I will indicate here three strategies to improve the naive herds of models. They are all related to the reintroduction of the \(M_g\) term in the herd. The first improvement consists in using *regularized* versions of the `glm`

function above. In practice, I have found the package `lme4`

very useful for these purposes.

```
my_models <- dlply(dat, .(subject), function(tmp){
glmer(y ~ (1 | category), family = binomial, data = tmp)
})
```

However, we are not yet using the hierarchical structure of the dataset. Regularization like above help avoid the 100% problem (among others), but fails to exploit the possible relationships among subjects. In fact, in our example and in most real-life datasets, part of the strength of the relationship between subjects and categories can be explained precisely because subjects belong to groups. These groups embody all we know about individuals without having seen them behaving.

And, of course, the relationship between the target variable and the group can be estimated *before and independently* of the estimation of the relationship between *this* user and the target variable. Then, those group relationships need to be *inserted* into the model, usually, via *informative priors*.

Note: I’m still searching for a good, efficient method that will let me include informative priors in subject models.

Note: academia is interested in fixed effects. Consulting practice is mostly concerned with random effects (what individuals do). Academia’s input to consulting job is precisely providing good priors. That’s in part why we pay taxes.
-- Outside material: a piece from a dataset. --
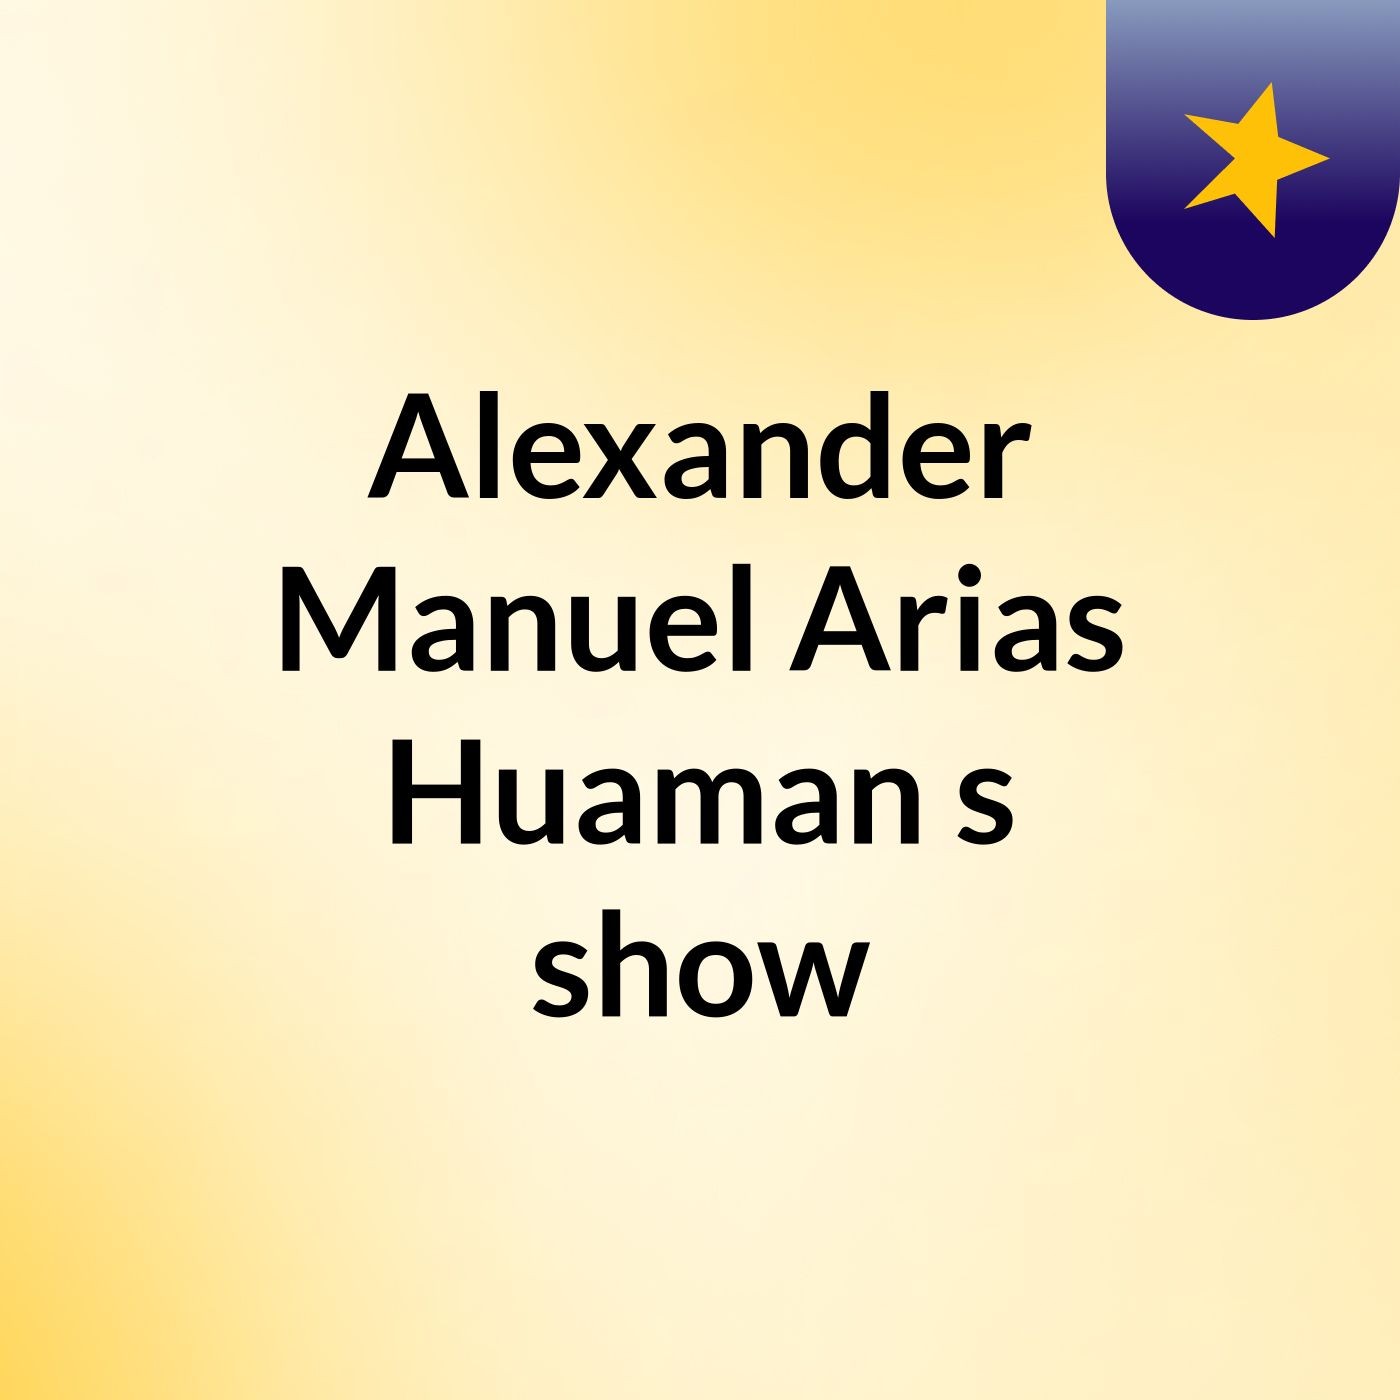 Alexander Manuel Arias Huaman's show

Alternatively, we could generate models in wider batches. Not only because of efficiency, but also to facilitate the inclusion of *priori* information in the final model. For instance, one could attempt the following:

```
my_models <- dlply(dat, .(group), function(tmp){
glmer(y ~ (1 + category | subject), family = binomial, data = tmp)
})
```

`## boundary (singular) fit: see ?isSingular`

Here we are splitting the data according to the group, so the prior information contained that all members of a group share is again fully used. Still, it could be the case that the `group`

split produced too large parts for `glmer`

to process them. Another option would be to subsplit groups in pieces large enough to have a relative accuarate description of the prioristic parts but small enough to process them efficiently.

As an alternative, for some kind of models, INLA could provide a handy replacement to `lme4::glmer`

.

Note: I did some very promising tests of INLA in a recent project where performance was a must (and our datasets contained users in the order of 1 million), but it did not finally make it to the final deliverable.
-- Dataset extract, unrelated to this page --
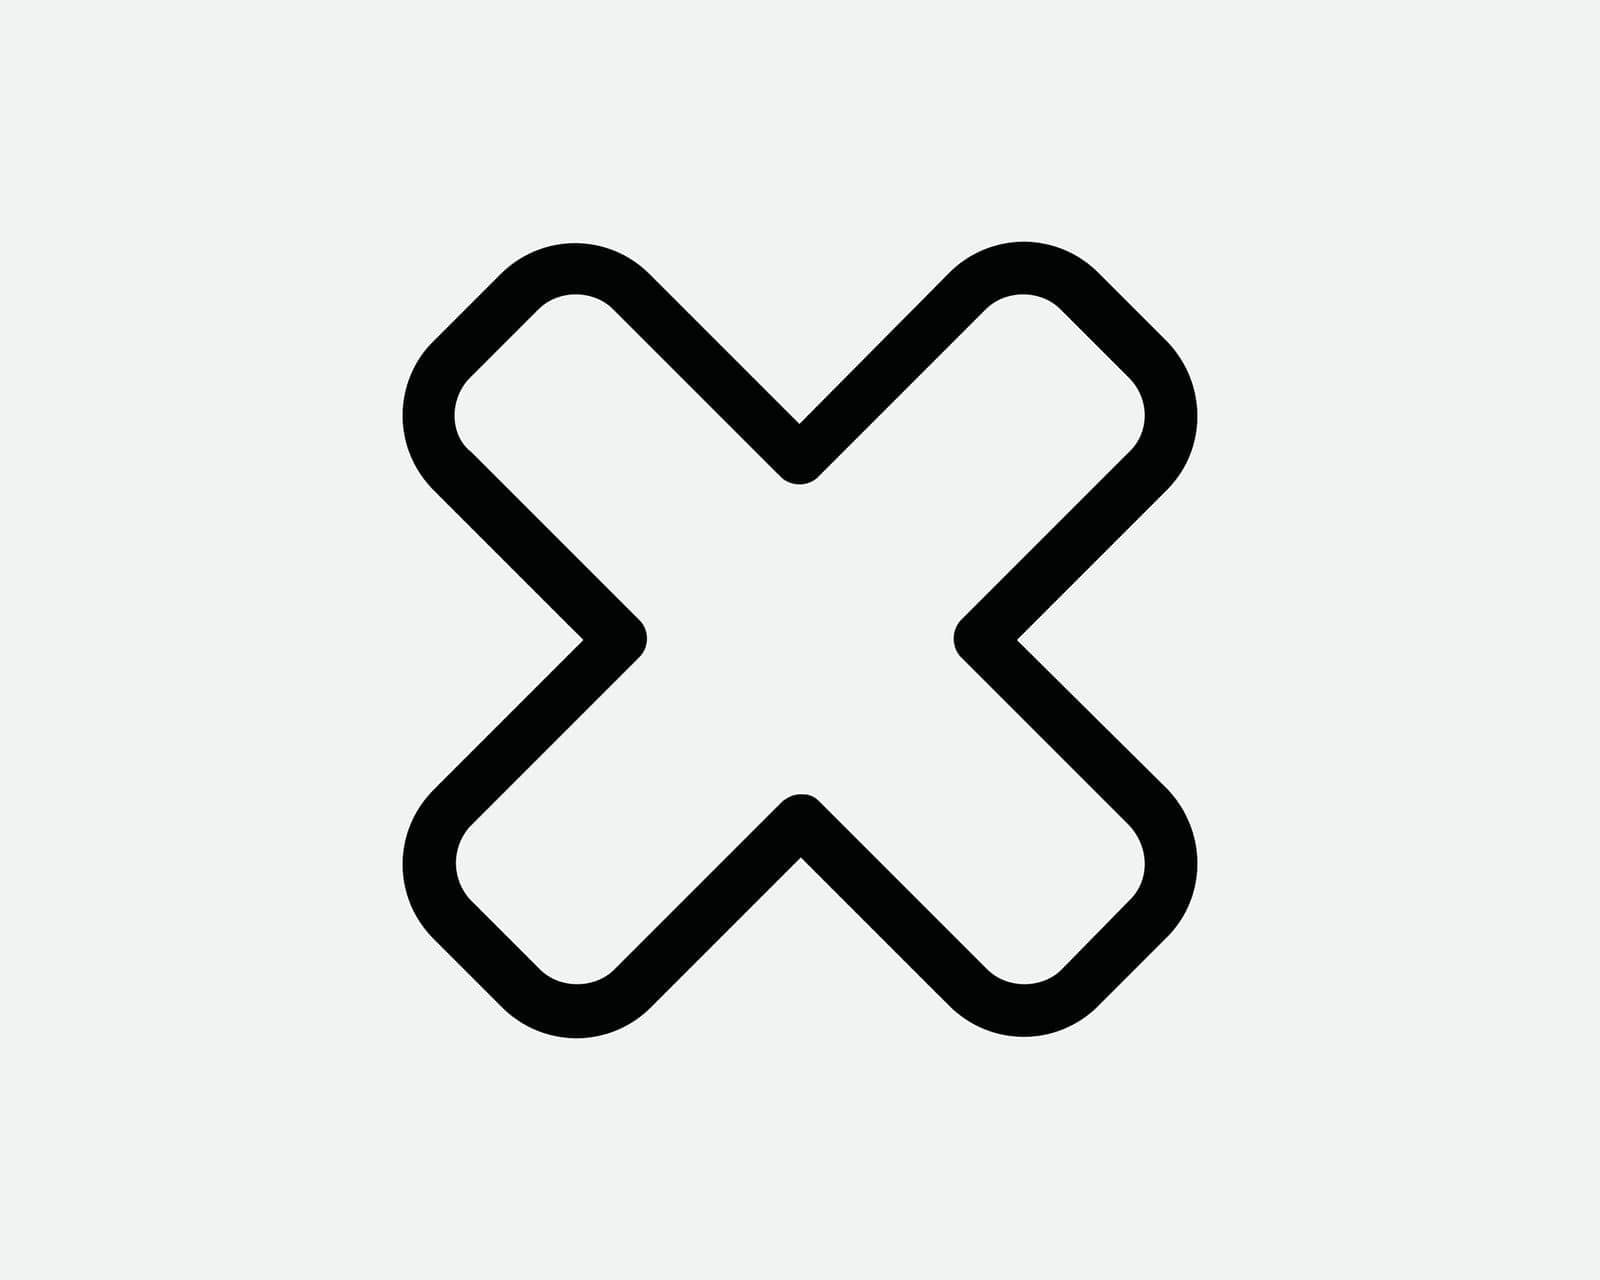 Cross Icon. X Mark Error Problem Negative Reject Wrong Cancel Delete Remove. Black White Sign Symbol Illustration Artwork Graphic Clipart EPS Vector

## Areas of future improvement

The discussion above opened a number of questions, many of them are open to researchers in statistics and computer science:

- How to fit full Bayesian models with big data efficiently. In particular, how to fit them by pieces and how to combine them.
- How to efficiently feed
*a priori*information on individual (per subject) models. - How to assess the goodness of fit of herds of models; particularly of herds consisting of a large number of models, often in the range of millions.

## Summary

- Many large datasets found in consulting practice have a clear hierarchical structure.
- Standard
*data science*models often fail to use such structure efficiently. - Although Bayesian approaches are more promising, they are mostly unusable nowadays given the lack of computing power required to run them at full scale.
- However, it is possible to fit
*herds of models*to reduce to the minimum expression the amount of information loss in the modelling process. - But building these
*herds of models*requires an intelligent design in order to both attain reasonable computing efficiency and to adequately use as much*a priori*information as possible.